(DATA EXTRACT)

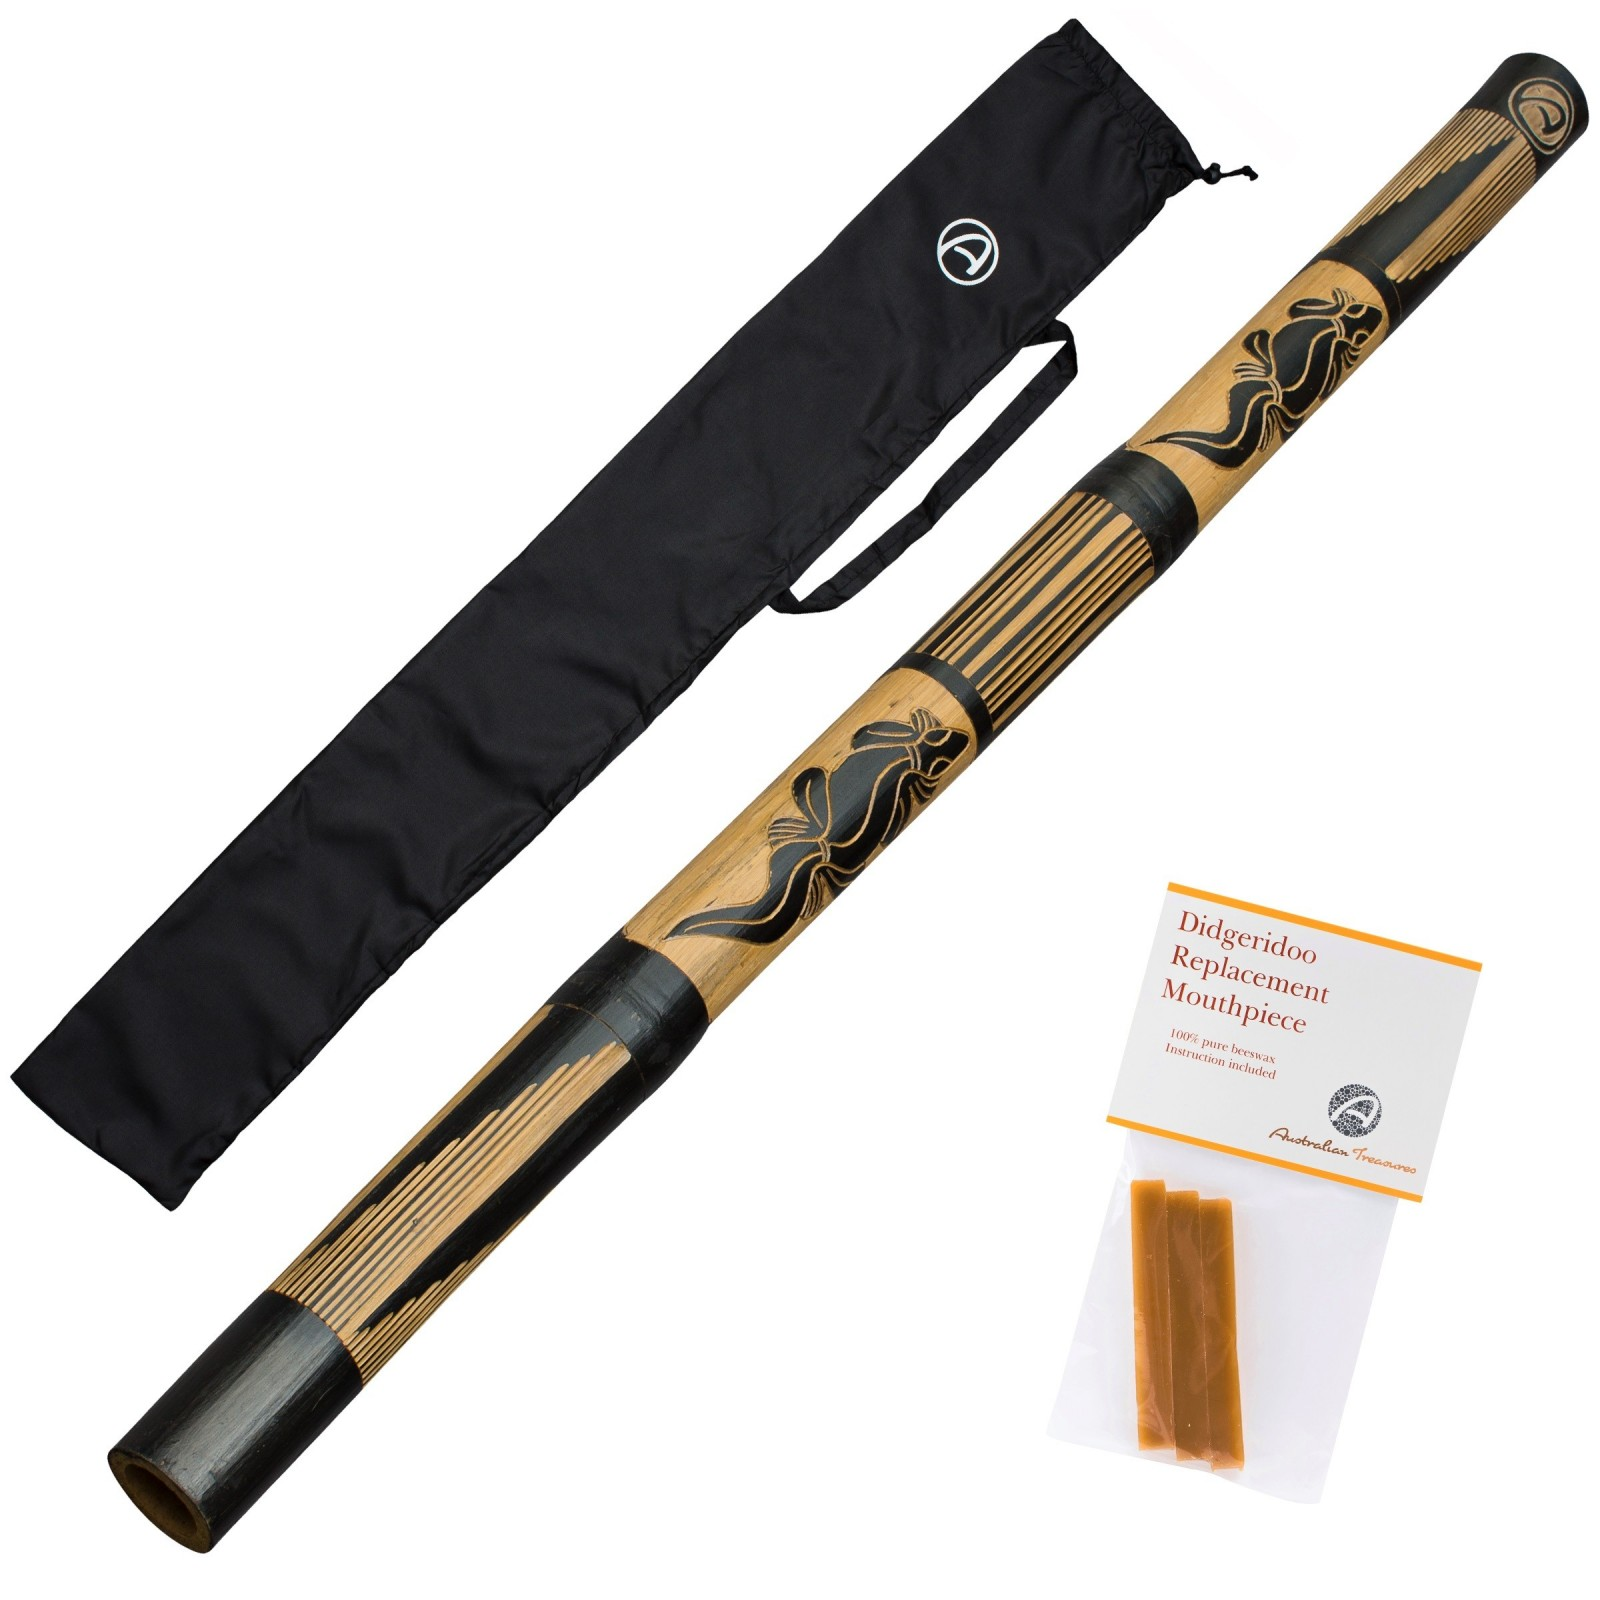 DIDGERIDOO CARVED: didgeridoo bambu con cera d'api a 3 strisce e sacchetto didgeridoo in nylon
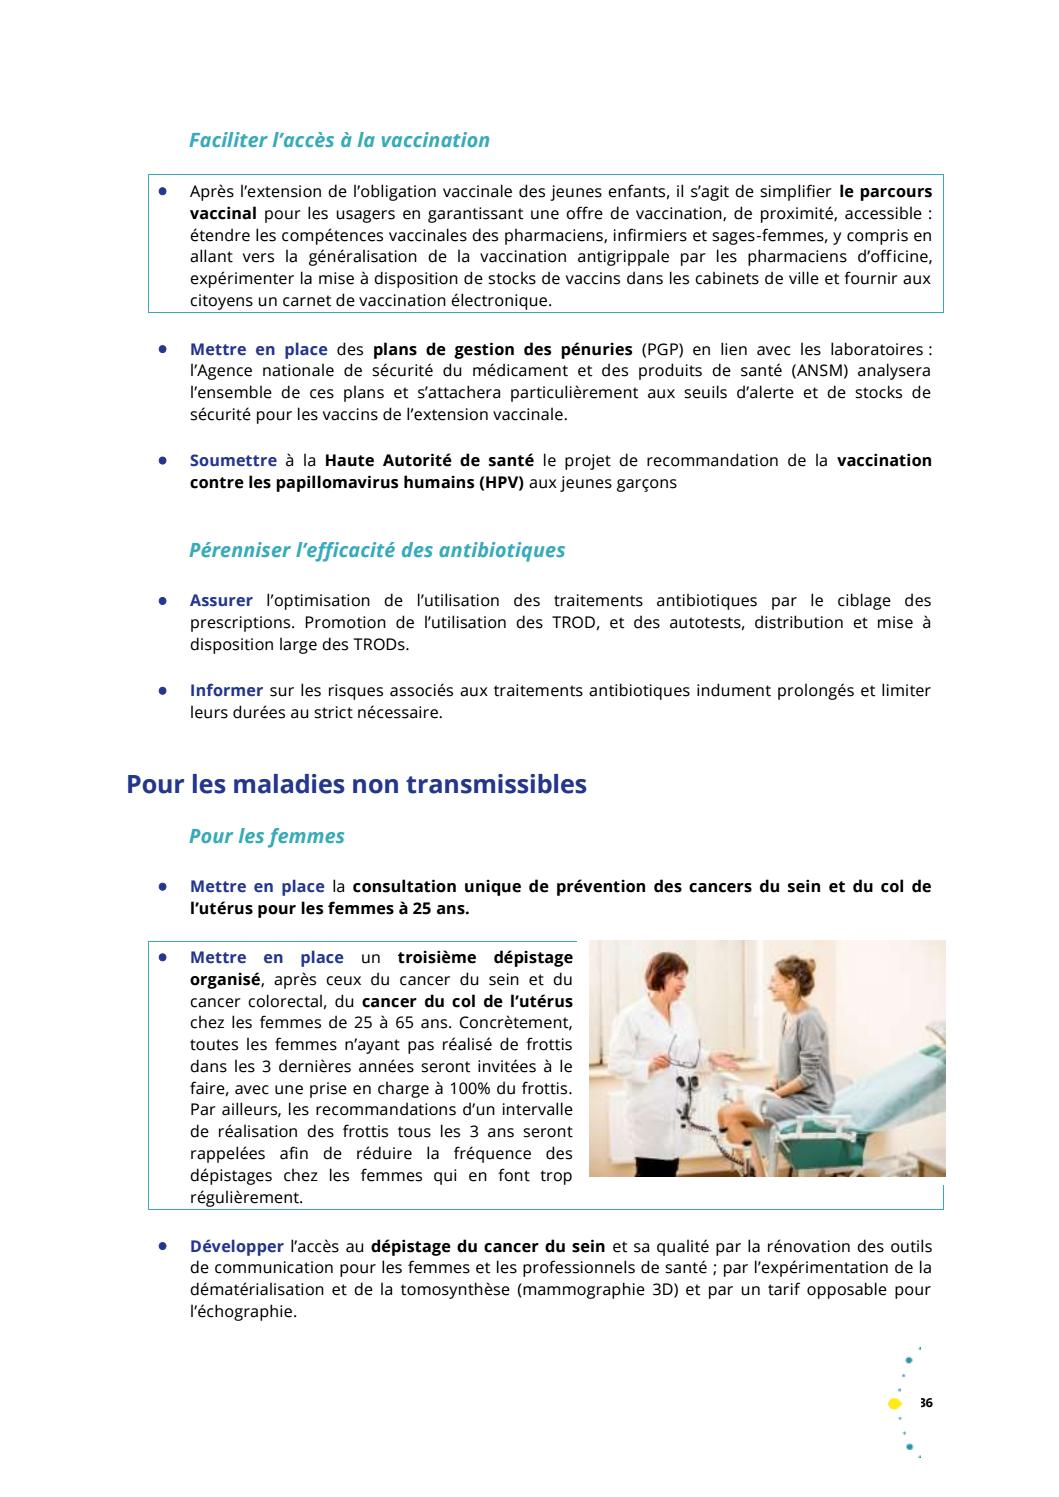 papillomavirus et antibiotiques hpv scaly skin
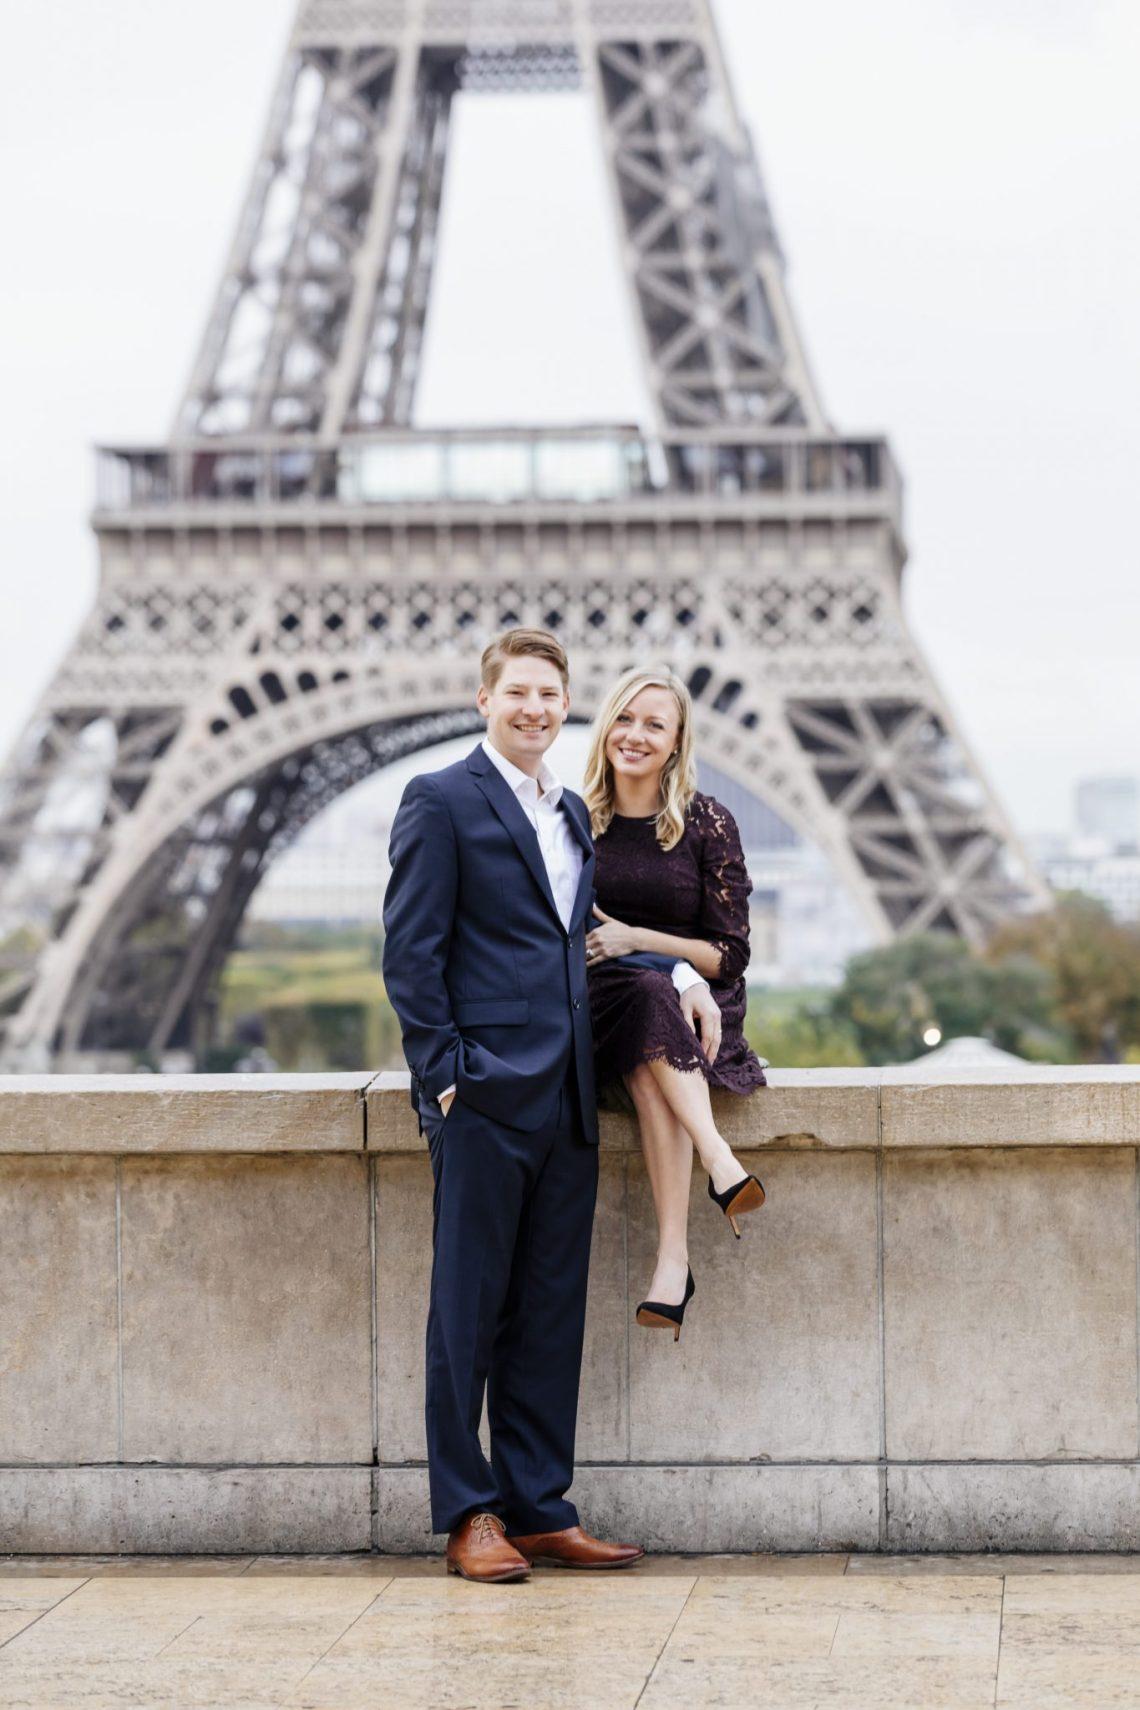 Fall in paris picture ideas

(EXERCISE DESCRIPTION) Skip the images and set down the rest of the data unchanged.

(EXERCISE RESPONSE)
 DIDGERIDOO CARVED: didgeridoo bambu con cera d'api a 3 strisce e sacchetto didgeridoo in nylon
 papillomavirus et antibiotiques hpv scaly skin
 Fall in paris picture ideas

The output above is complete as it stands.